И вот стали они подъезжать к Москве.
   Прошло первое неприятное впечатление обманутой мечты, и Антон утешился. Разве для мертвых зданий приехал он в страну отдаленную? разве любопытство влекло его туда? Любовь к человечеству, к науке, к славе — вот что указало ему путь в Московию. Человек слабый требовал к себе на помощь человека более мощного, и он шел на зов его. «Кому дано, с того и спросится», — говорит сам Христос. «Свет, которым он наделен, должен передать другим, покуда он в долгу у человечества. Может быть, труды великие ожидают его, а без труда нет подвига».
   Воображение, настроенное этими утешительными мыслями, представило ему панораму Москвы через стекло, более благоприятное. Он привел в нее весну с ее волшебною жизнью, заставил реку бежать в ее разнообразных красивых берегах, расцветил слободы садами и дохнул на них ароматом, ударил перстами ветерка по струнам черного бора и извлек из него чудные аккорды, населил все это благочестием, невинностью, любовью, патриархальными нравами, и Москва явилась перед ним, обновленная поэзией ума и сердца.

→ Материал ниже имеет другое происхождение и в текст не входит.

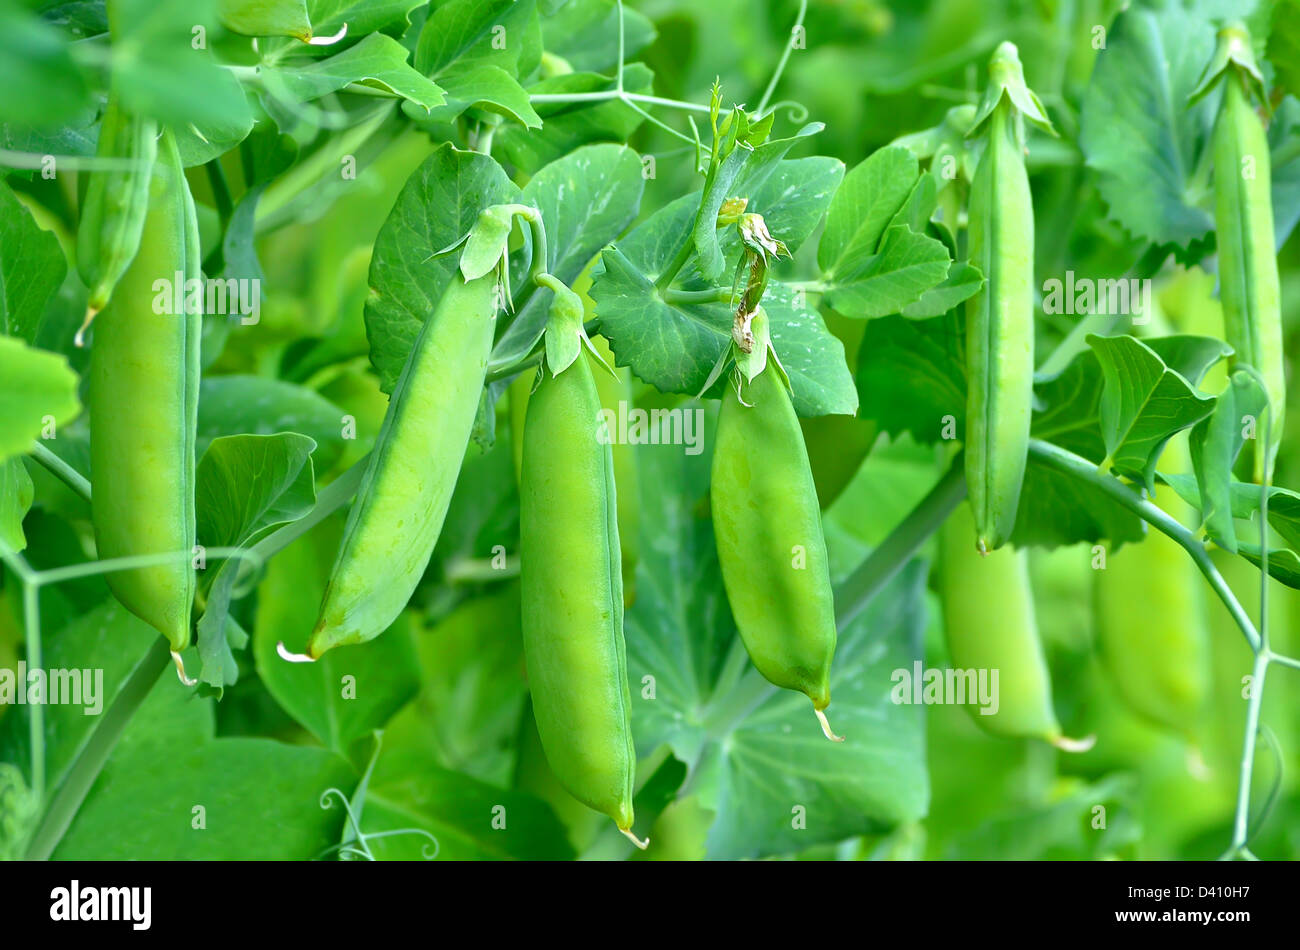 The green peas in the vegetable garden Stock Photo

   В таком расположении духа въехали они в село Дорогомилово. Мальчишки, игравшие на улице в снежки, встретили путешественников восклицаниями на разные голоса. Иные кричали: «Жиды! собаки! Христа распяли!» Другие: «Татаре-бояре! бояре-татаре!»[126]

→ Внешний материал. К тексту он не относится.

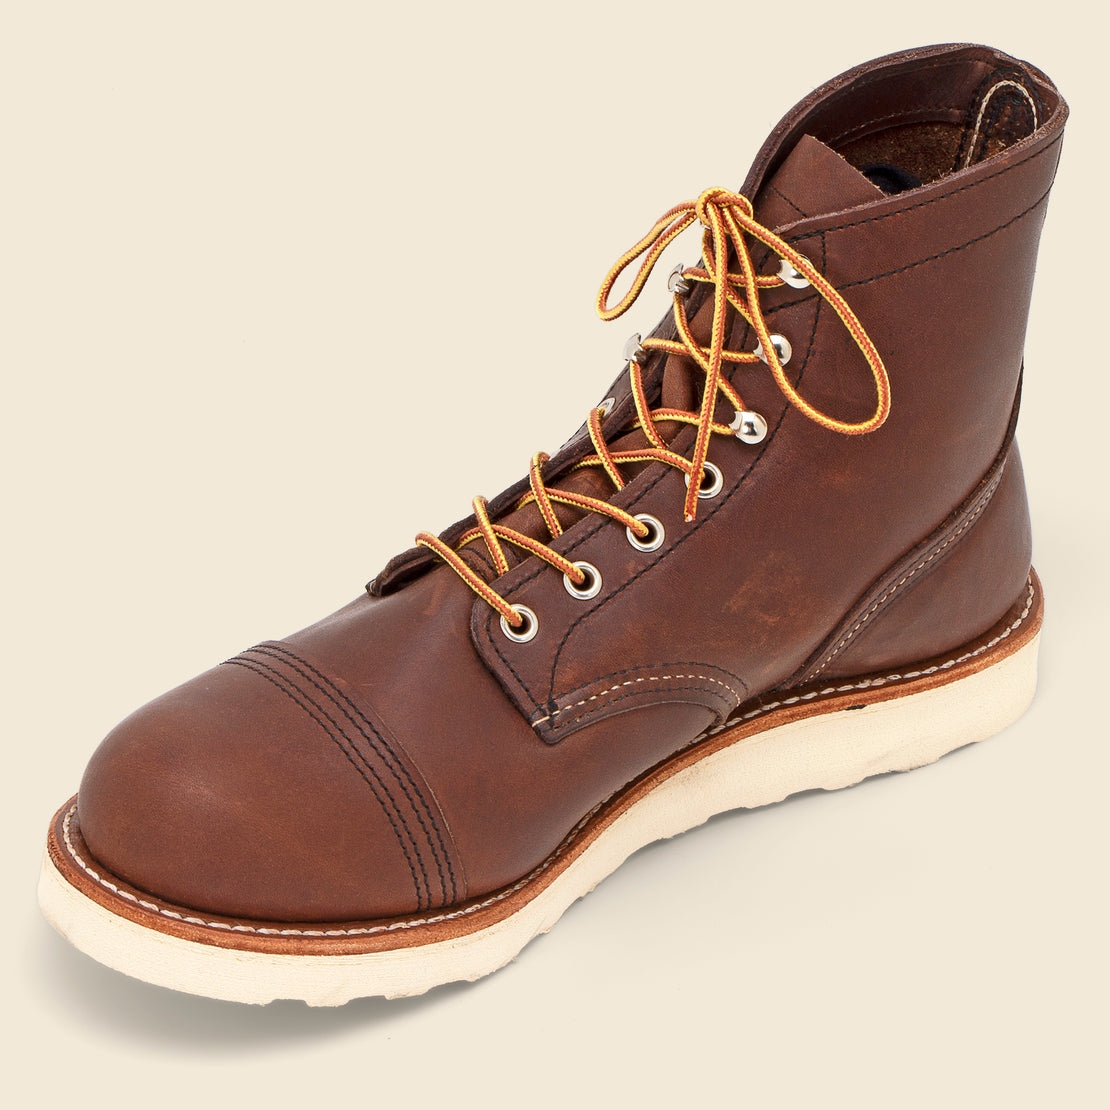 Iron Ranger Traction Tred No. 8088 - Amber - Red Wing - STAG Provisions - Shoes - Boots / Chukkas

   — Что кричат эти мальчики? — спросил Антон своего извозчика, понимавшего русский язык.
   — А цто они крицат? — отвечал жид. — По-немецки это знацило бы: «Здравствуйте, дорогие гости!»

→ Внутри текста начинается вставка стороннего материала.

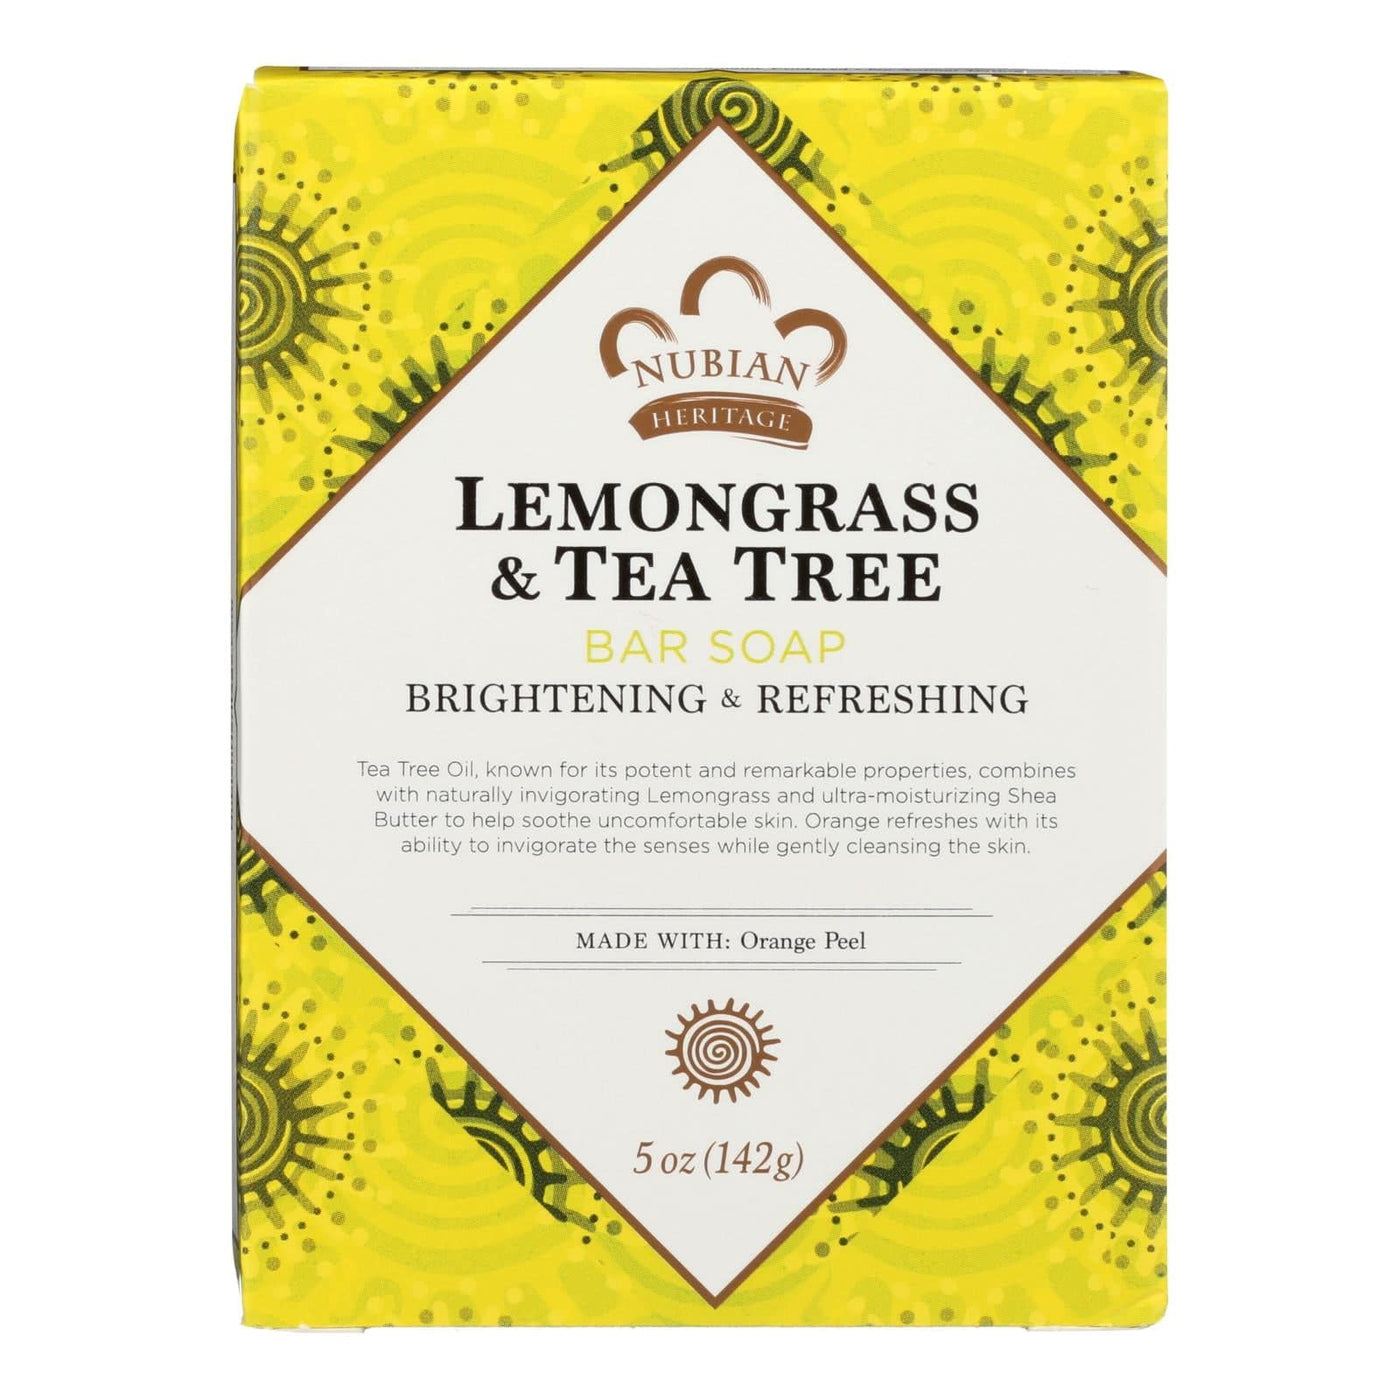 Buy Nubian Heritage Bar Soap Lemongrass And Tea Tree With Orange Peel - 5 Oz  at OnlyNaturals.us

   И вслед за тем дорогих гостей приветствовали комьями снега. Потом высыпали из домов разноцветные всклоченные бороды, бараньи шапки, лапти, овчинные в заплатах тулупы, рогатые кички, и все это с лицами, очень неблагоприятными для путешественников. Правда, выглядывал кое-где карий глаз из-под черных бровей красавицы, готовой навесть и праведника на грех; улыбка малиновых губ выставляла напоказ ряд жемчужных зубов; выступали и статные молодцы, которых Наполеон с гордостью завербовал бы в свои легионы; но между ними ненависть к иноземцам означалась резкими насмешками. Не для путешественников, однако ж, выступили они толпами из домов; нет, они стремились в Москву, как будто на потеху, на которую боялись опоздать.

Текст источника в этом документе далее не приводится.